Sometimes when Adam and I are talking, he'll say something that makes me say, "I want to blog about that!" Occasionally I'll make a note in Blogger and leave it as a draft to flesh out later. A few days ago this happened. I made Adam repeat what he said and I wrote it down here. He said, "Maybe I was making it up. Maybe it's a game that we play where everybody's making it up." And now? Now neither one of us has the foggiest notion to what he was referring. So make up your own story that has this as the punch line. It'll probably be funnier than whatever it was that we originally said, anyway.
The three of us headed to D.C. last weekend for my best friend's baby shower, which I co-hosted. When planning the trip, I said to J., "I guess we'll come in by train. It's too much of a hassle to drive so far with the Doodlebug" She said, "That's fine. But you know, it's not that much more to fly." Fly? Fly from Boston to D.C.? Um, why did that never cross my mind? Other than the fact that I'm not crazy about those tiny commuter jets, it was a pleasant journey that took less than an hour and a half.
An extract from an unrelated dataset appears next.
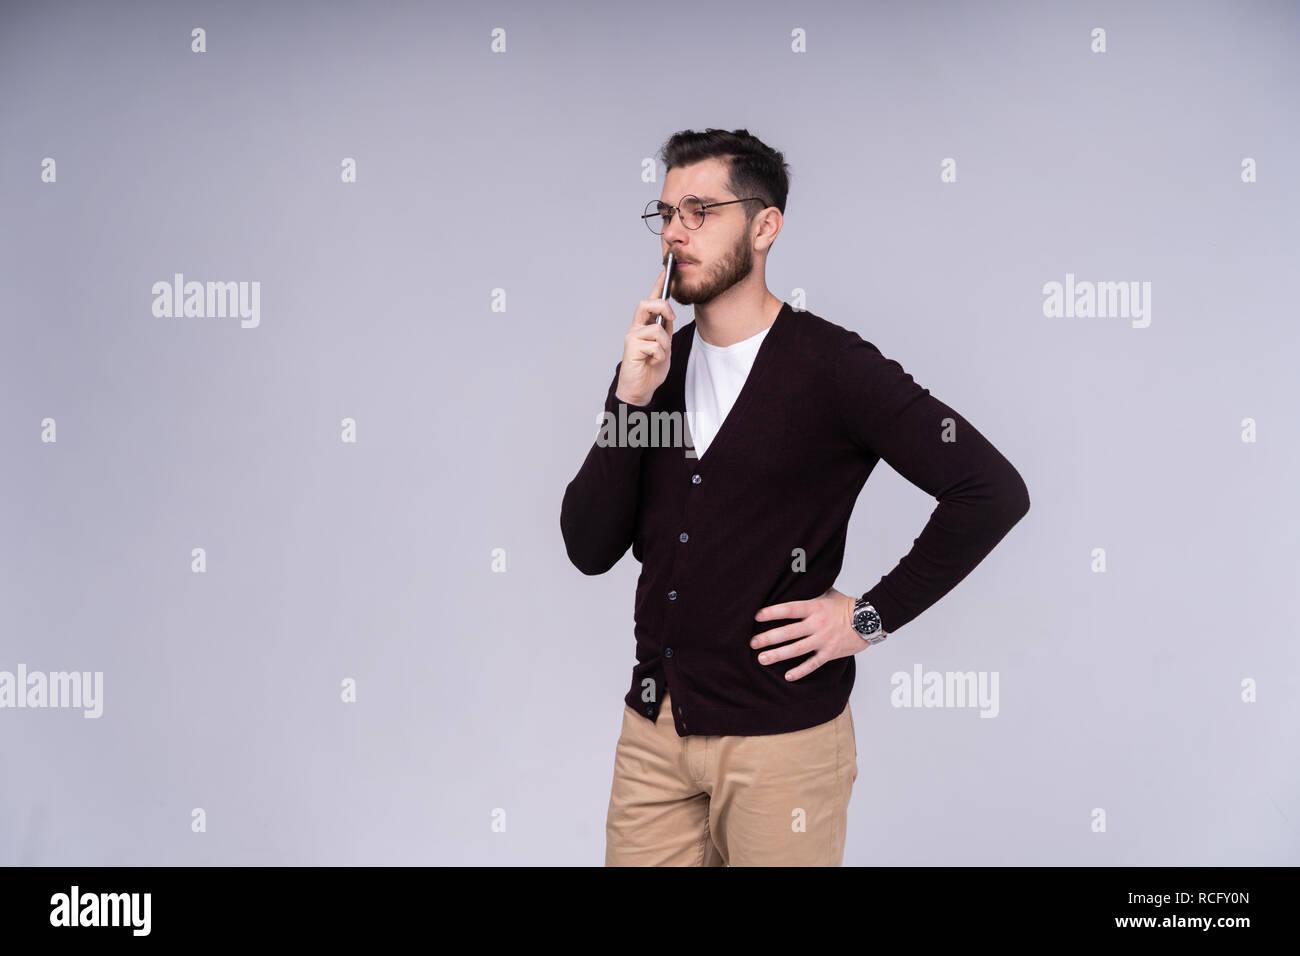 Jeune homme séduisant sur fond gris. Photo Stock

So I'll mention it again: the Doodlebug is the cutest baby ever. That's all!
During the weekend trip to D.C., I got a chance to hang out with Mike. Mike (or Michael, as he apparently now calls himself) and I met in 1987 in Sight and Sound: Video at NYU. [Completely random side note: I hate it when I'm convinced that I've blogged something before but then can't find it. I wonder, "Should I blog it and risk repeating myself? Or err on the side of just leaving some things unsaid." For now, we're going with unsaid.] Sight and Sound was one of the basic requirements for every upper-level course, and we all took the film semester with enthusiasm. If I recall correctly, video was less interesting. Most of us didn't have any desire to work in video (and really, I just wanted to sit behind a typewriter writing scripts--yes, a typewriter which was much cooler, more retro, more Dorothy Parker and Robert Benchley than the Brother Word Processor I owned at the time), but a requirement is a requirement. What I find frightening is I remember about five people from the class, which includes our teacher who, if I recall, mispronounced Wim Wenders name (she said it with a "w" sound, not a "v" sound, which just goes to prove that everyone does remember every stupid little thing you do). Yet Mike just sent me a list of our classmates, and it turns out, there were a lot of them! I'm amazed that he can remember all those people. Sure, once I read the list, I thought, "Oh, yeah! I remember him! Oh, yeah, he made that awful video." But there were some names on the list where all I can say is "huh?" I'm drawing a complete blank on these folks.
I had plenty to blog about--during the week, I'll usually say to Adam, "Remind me to blog about that," and if I'm really on top of things, I write it up as a draft--but for some reason it's all escaping me this week. I can't remember a single thing I wanted to say. Plus, I'm blogging at a precarious angle because there's a Doodlebug asleep on my side as I sit on the sofa (I know that's hard to picture but take it from me, this isn't a position conducive to blogging). So instead of thinking of something new to write, I'll tell you about 1973. Why 1973? Because when I asked Adam to pick a year, he picked 1974. Only I have no distinct memories of 1974, but I do have distinct memories of 1973, because that was the only year we lived in Miami Lakes, so 1973 it is. (By the way, totally random aside, for all of you who have given up on checking, Adam has finally updated his blog.)